Finally, decisions about what costs to include under either approach will have a significant impact on the resulting estimates (Lightwood et al., 2000). There are several key distinctions here, with choices related to the perspective from which one is assessing costs. Economists, for example, distinguish between internal and external costs, with this distinction reflecting who ultimately bears the costs. Internal costs are those that are borne by the individual who engages in a given behavior or has a given condition; for obese individuals, these include the out-of-pocket costs and health insurance premiums they pay for health care, as well as the lower wages they receive if these wages reflect their lower productivity. External costs are those that are borne by individuals as a result of others’ behaviors; for example, monies spent on public health insurance programs that cover the costs of treating diseases caused by obesity are shared by all taxpayers, including those at healthy weights. Many argue that only external costs should be considered when making decisions about whether policy interventions are warranted. However, to the extent that other market failures exist (e.g., information failures reflecting a poor understanding of the link between sugar-sweetened beverage consumption and weight that can be further distorted by effective marketing of such beverages or individuals’ time-inconsistent preferences that result in short-term gratification at the cost of long-term harm), it may be appropriate to include some portion of internal costs.
A second key distinction relates to a focus on the “gross” versus the “net” costs of a given behavior. The prevalence-based approach produces an estimate of gross costs—those that result from the consequences of obesity in a given year, for example. In contrast, the incidence-based approach produces an estimate of net costs, reflecting the trade-offs between higher average annual costs for an obese individual and the extra costs that result from a nonobese individual’s living longer. When one is comparing gross and net costs, a particularly controversial issue relates to what has come to be known as the “death benefit,” that is, whether the “savings” that result from lower pension and social security payments that an obese individual who dies prematurely will not collect should be included in the cost accounting.
MATCHING, MAPPING, POOLING, AND PATCHING
Despite best efforts to amass available evidence, decision makers grappling with an emergent problem such as obesity will face inevitable decisions that must be made and actions that must be taken in the relative absence of evidence. This section offers useful methods for combining evidence with theory, expert opinion, experience, and local wisdom about local traditions and probable responses to proposed actions in a process that has been described as “matching, mapping, pooling, and patching” (Green and Glasgow, 2006; Green and Kreuter, 2005, pp. 197-203).

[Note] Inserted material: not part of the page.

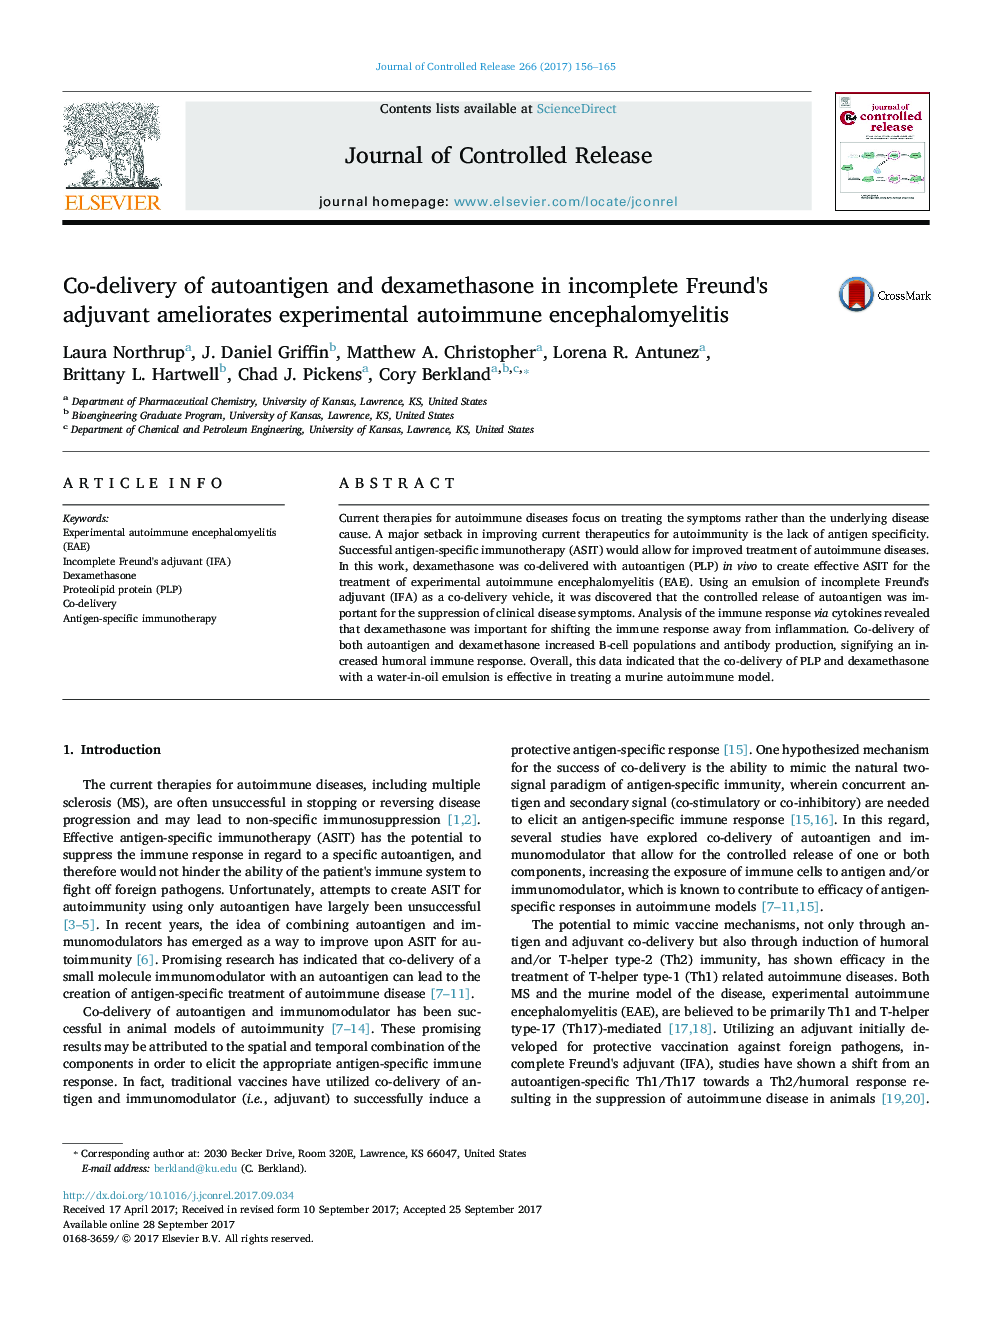 Co-delivery of autoantigen and dexamethasone in incomplete Freund's adjuvant ameliorates experimental autoimmune encephalomyelitis
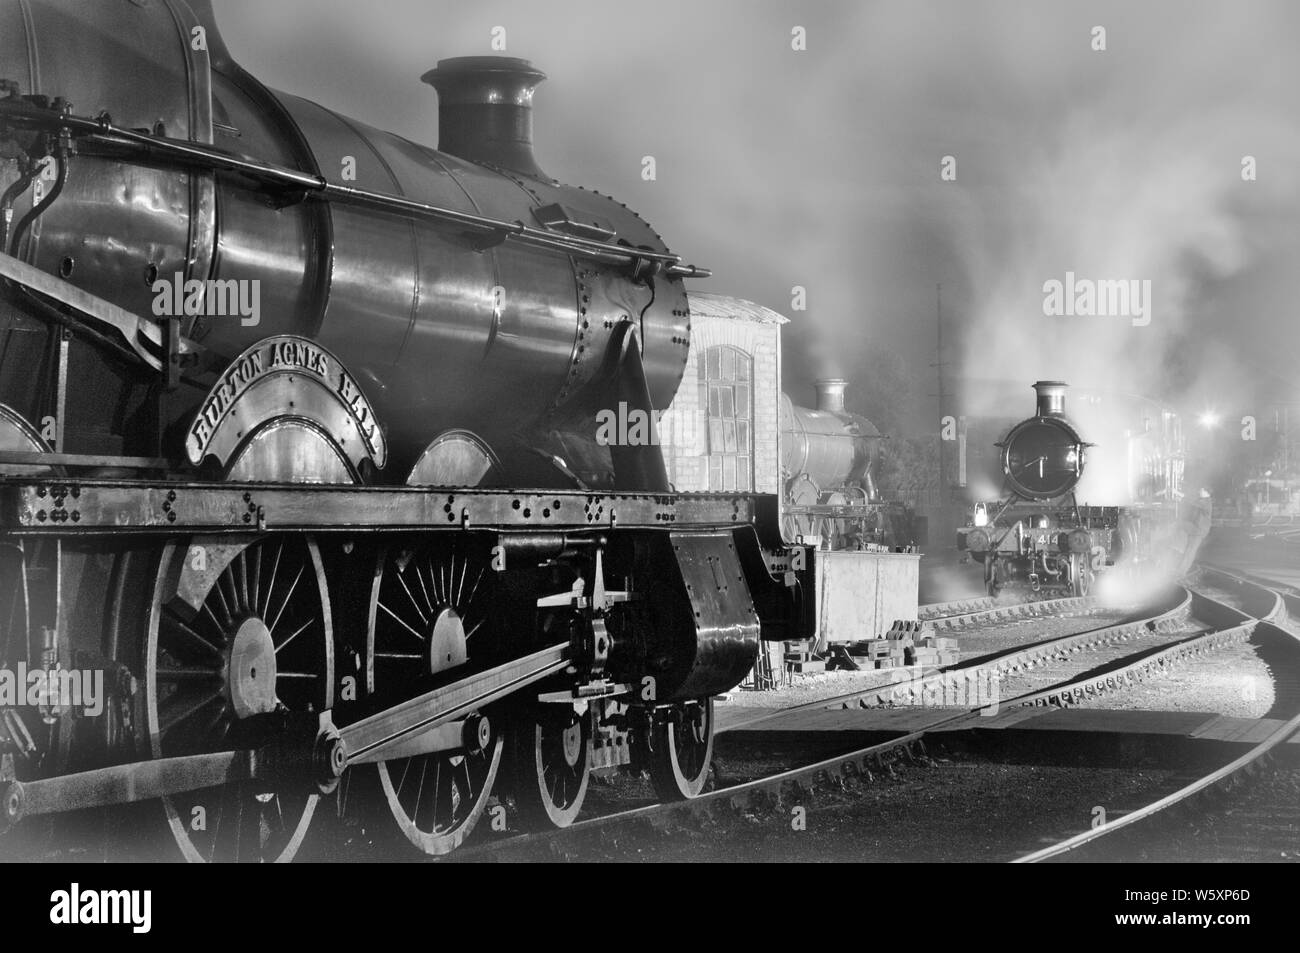 Nostalgic recreation of a steam era railway shed scene, in black and white, emphasizing those past glory days. Stock Photo

Matching refers to aligning the source of evidence with the targets of an intervention. The evidence from different disciplines of science and research is distributed according to the level (individual, family, organization, or community) at which it was generated and matched to the level(s) of the proposed intervention and its intended impact (McLeroy et al., 1988; Richard et al., 1996; Sallis et al., 2008). Evidence from psychology and medicine generally focuses on the individual, while evidence from sociology and public health generally applies to groups, organizations, and populations. The ecological thinking and recognition of social determinants of health implicit in this approach have seen a renaissance in public health in recent decades (Berkman and Kawachi, 2000; Best et al., 2003; French et al., 2001; Richard et al., 1996; Sallis et al., 2008). The usual representation of the ecological model in public health and health promotion is a set of concentric circles or ovals, as illustrated in Chapter 1 (see Figure 1-5) (e.g., Booth et al., 2001; Green and Kreuter, 2005, p. 130; IOM, 2007; National Committee on Vital and Health Statistics, 2002). For example, an ecological approach to planning a comprehensive childhood obesity control intervention would involve matching evidence of an intervention’s effectiveness with each ecological level to which the evidence might apply:
evidence from studies of individual change in diet and physical activity, particularly from clinical studies and evaluations of obesity control programs directed at individuals and small groups;
evidence from studies of family, community, and cultural groups regarding group or population changes, and evaluations of change in response to mass communication or organizational or environmental changes; and
evidence from policy studies, public health evaluations, and epidemiological studies—for example, the impact of school lunch programs on food consumption patterns, or the impact of policies, executive decisions, and regulatory enforcement of codes for construction of sidewalks or hiking or bike paths on community physical activity patterns.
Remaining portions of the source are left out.